From the line that contains "Укрпошта випустить міжнародну" down to the last line of the data below, restate every line word for word, skipping any images.

(Beginning of RAW DATA)

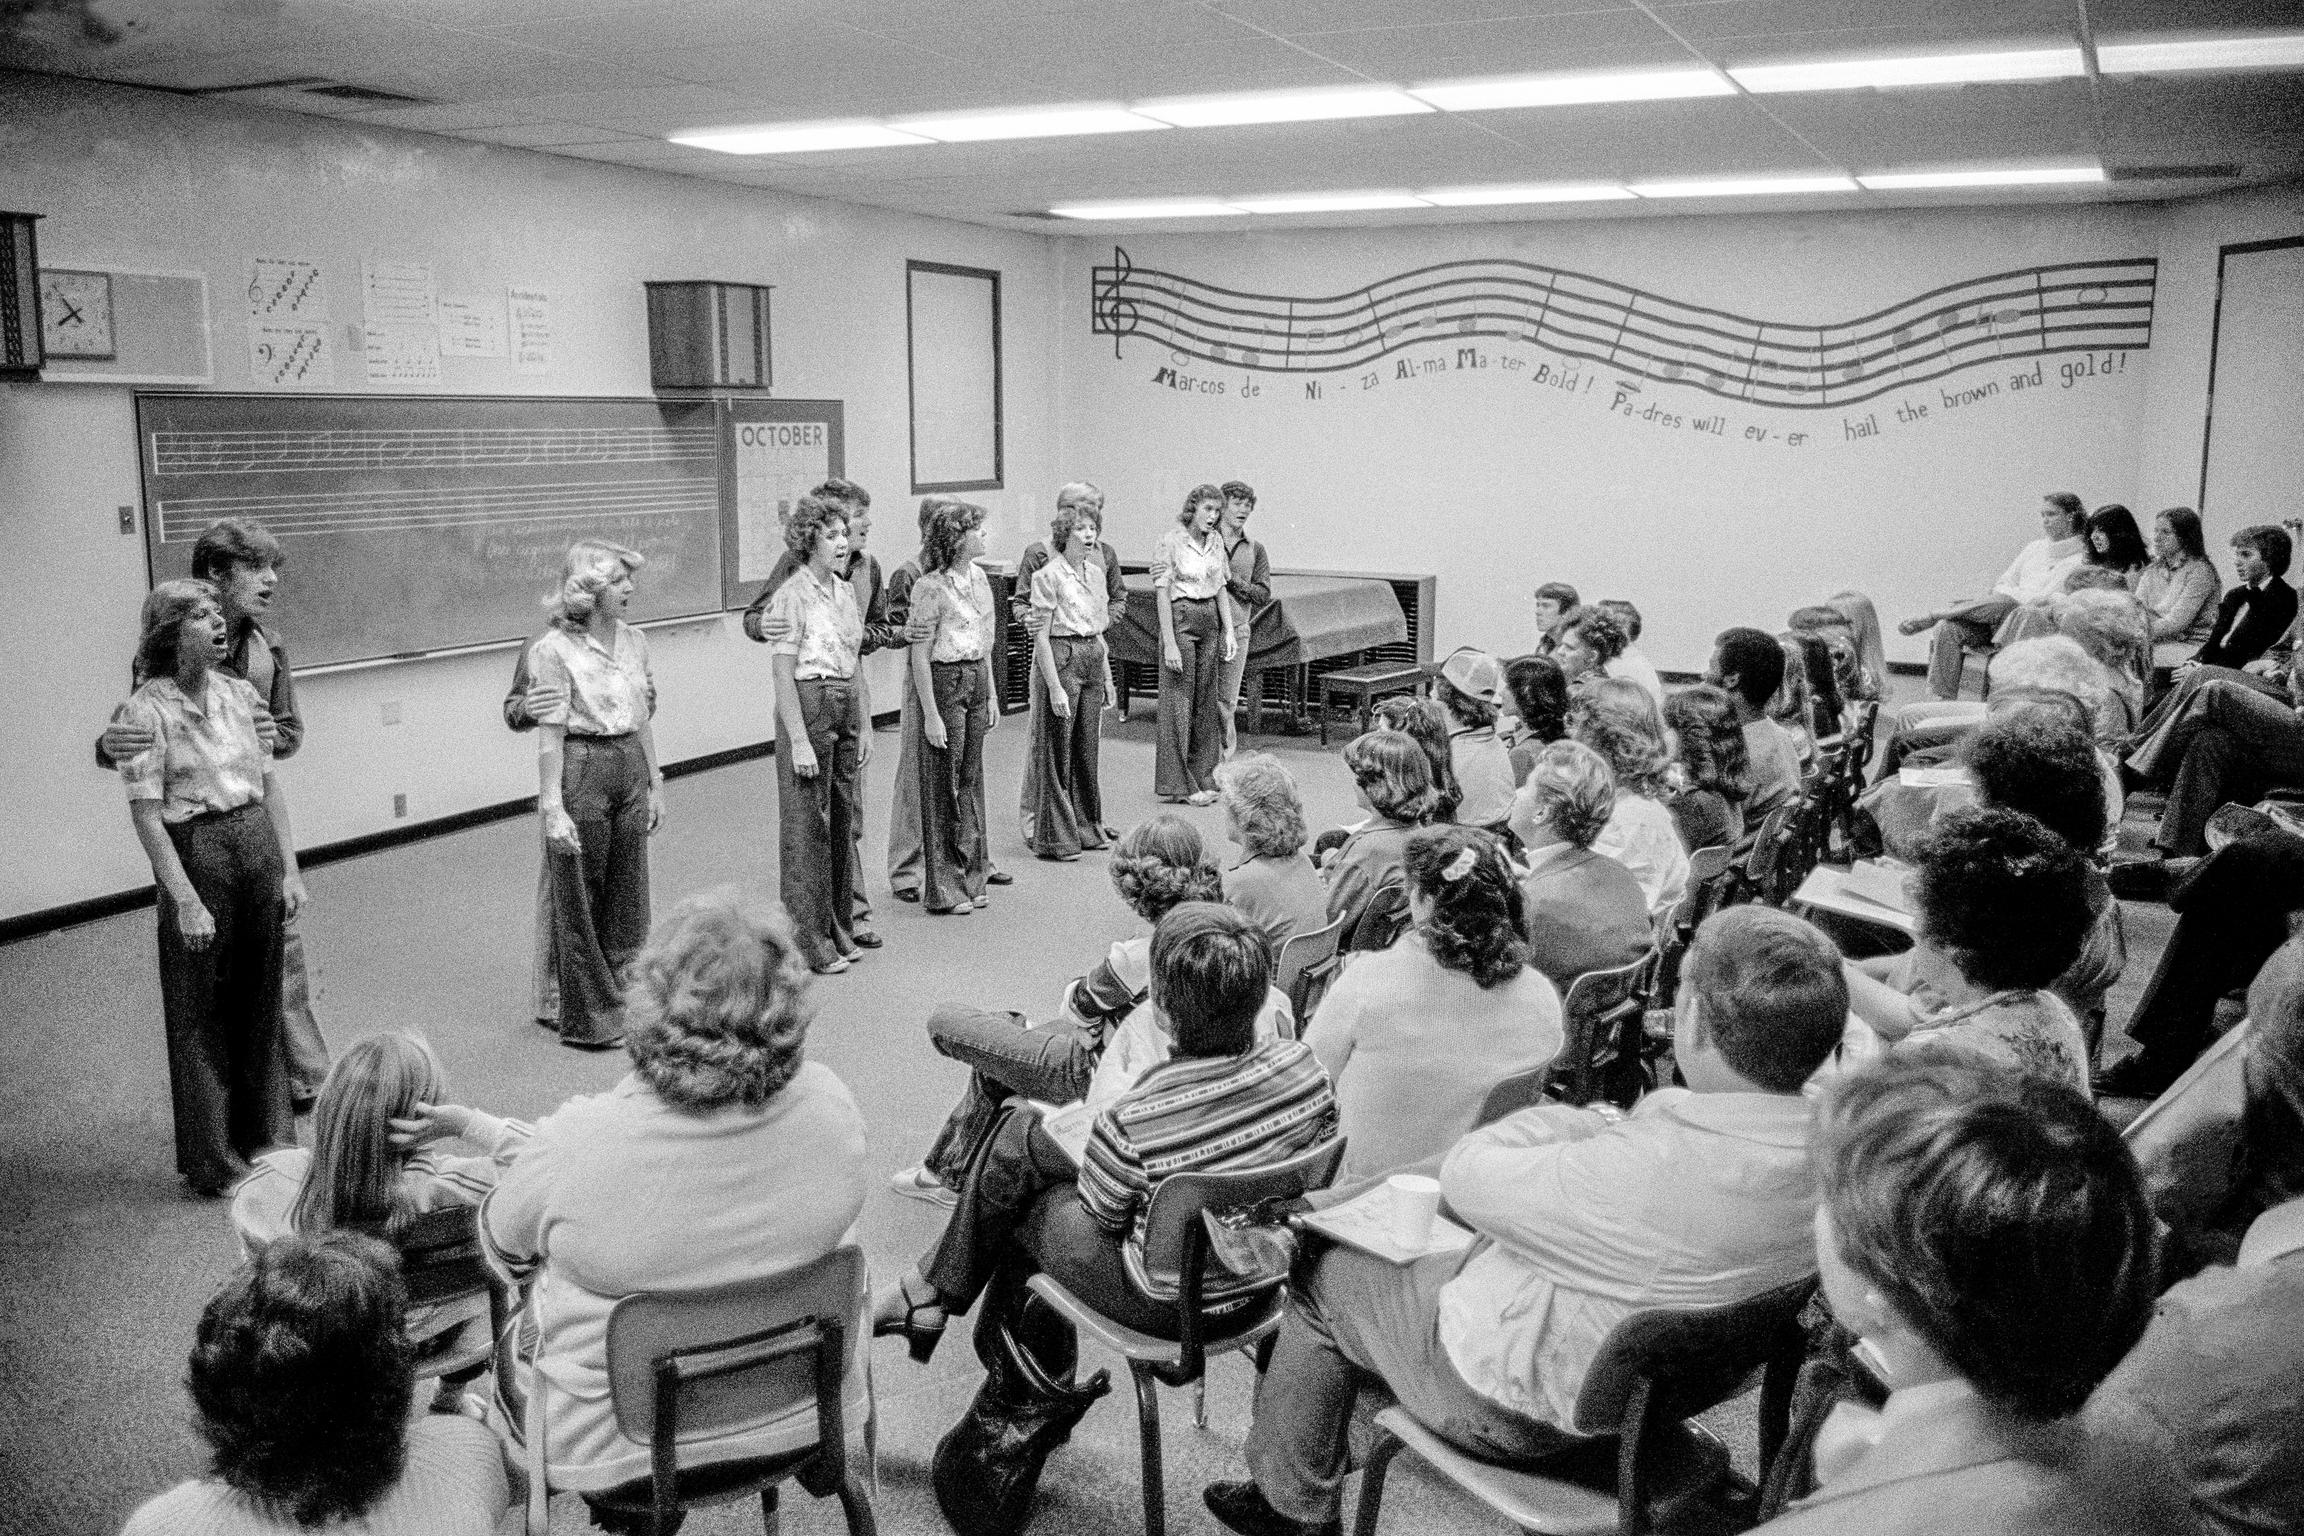 Parents open day at Marcos de Niza High School in Tempe. The school choir gives a recital. Tempe, Arizona USA
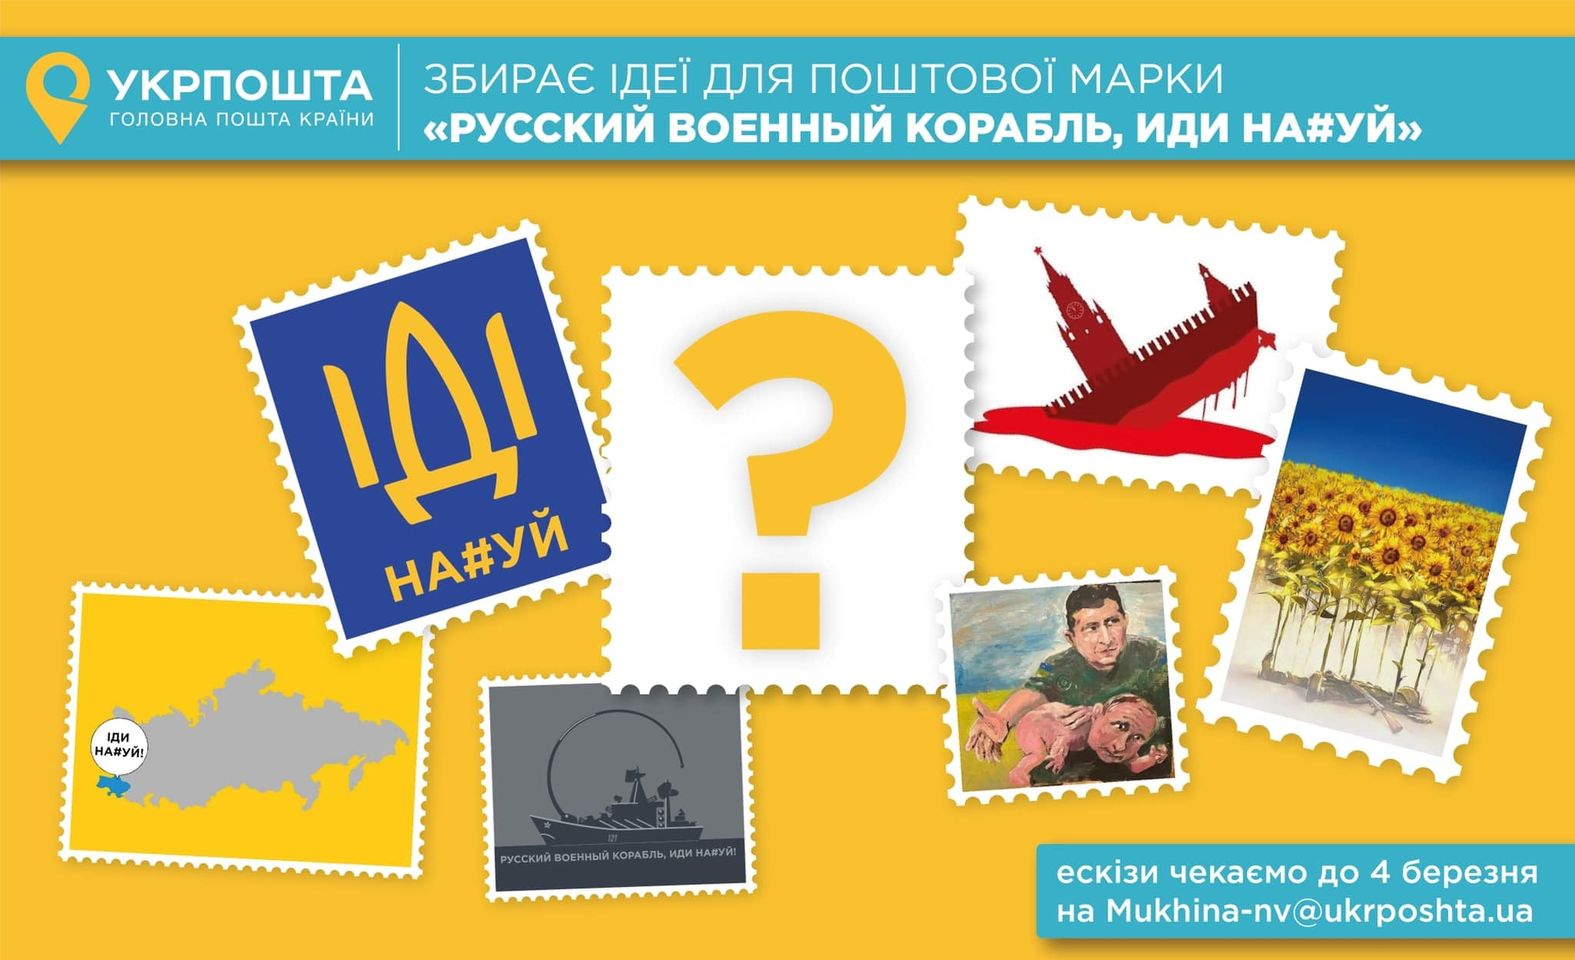 Укрпошта випустить міжнародну марку “Русский военный корабль, иди на*уй!”
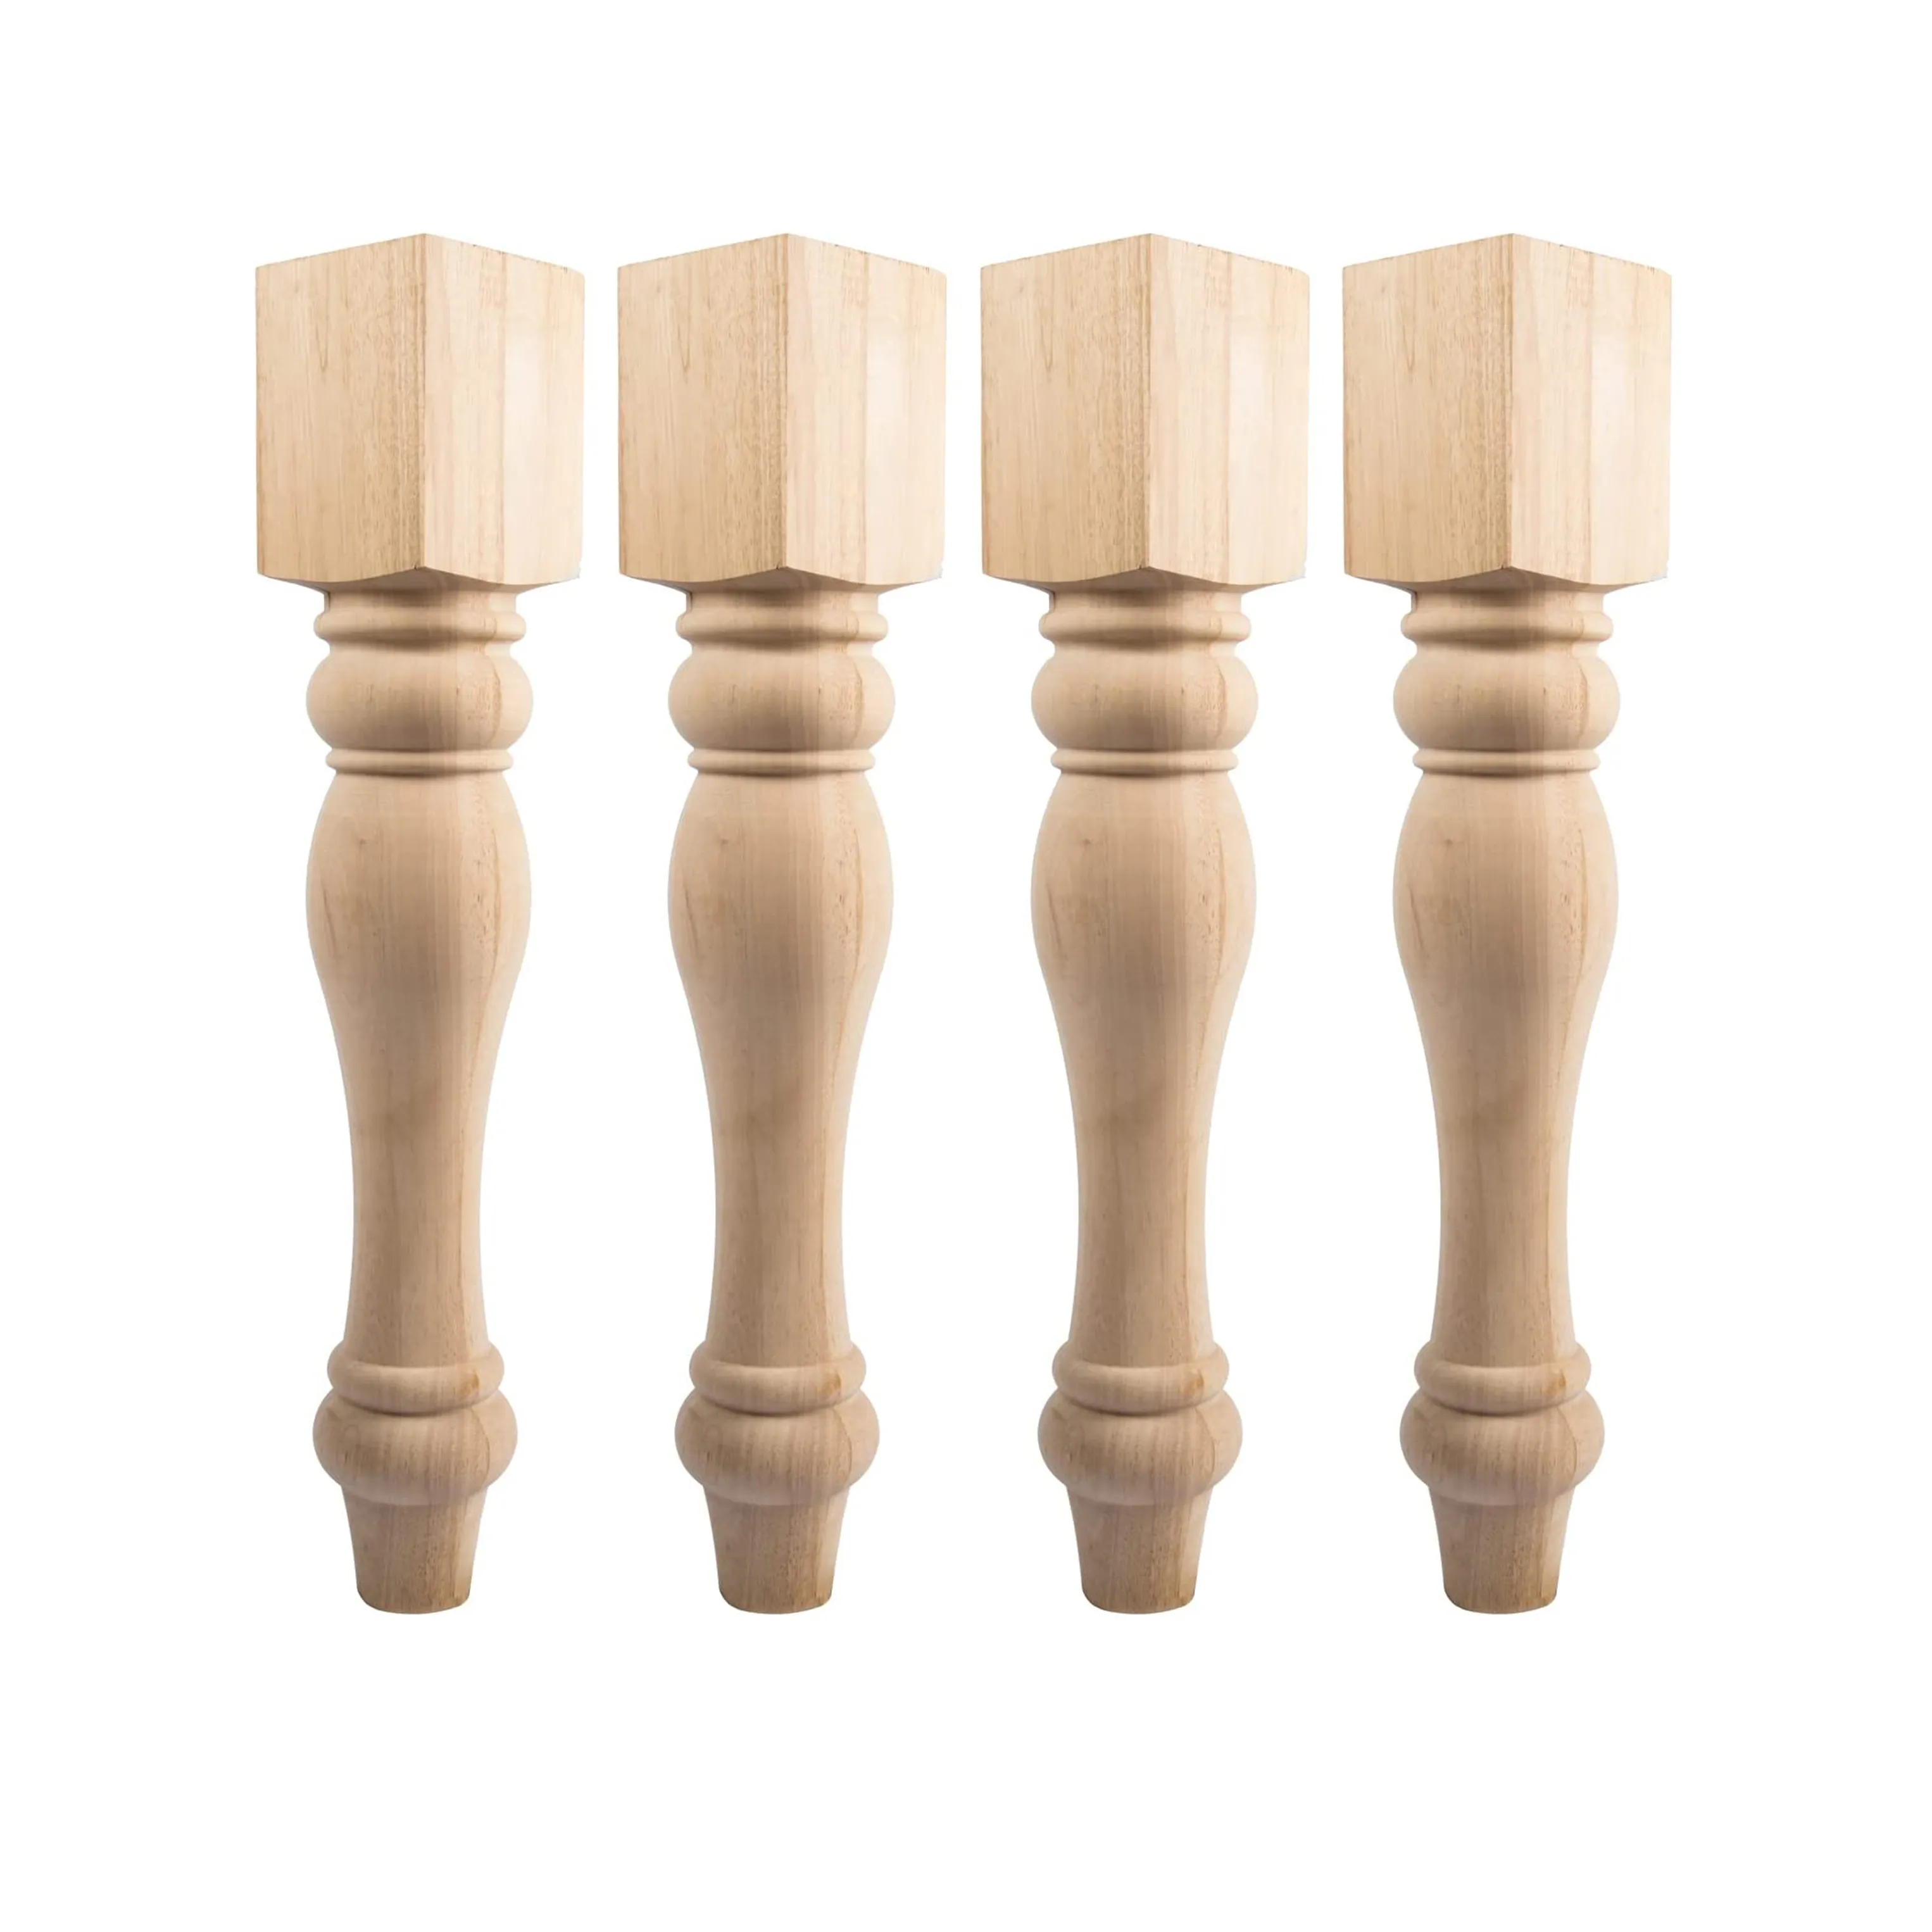 Антикварные ножки для мебели, деревянные аксессуары, квадратные шкафы, ножки, прямоугольные ножки для обеденного стола, деревянные ножки для стола индивидуального размера

(End of RAW DATA)

**RESULT OF THIS TASK**
 Укрпошта випустить міжнародну марку “Русский военный корабль, иди на*уй!”
 Антикварные ножки для мебели, деревянные аксессуары, квадратные шкафы, ножки, прямоугольные ножки для обеденного стола, деревянные ножки для стола индивидуального размера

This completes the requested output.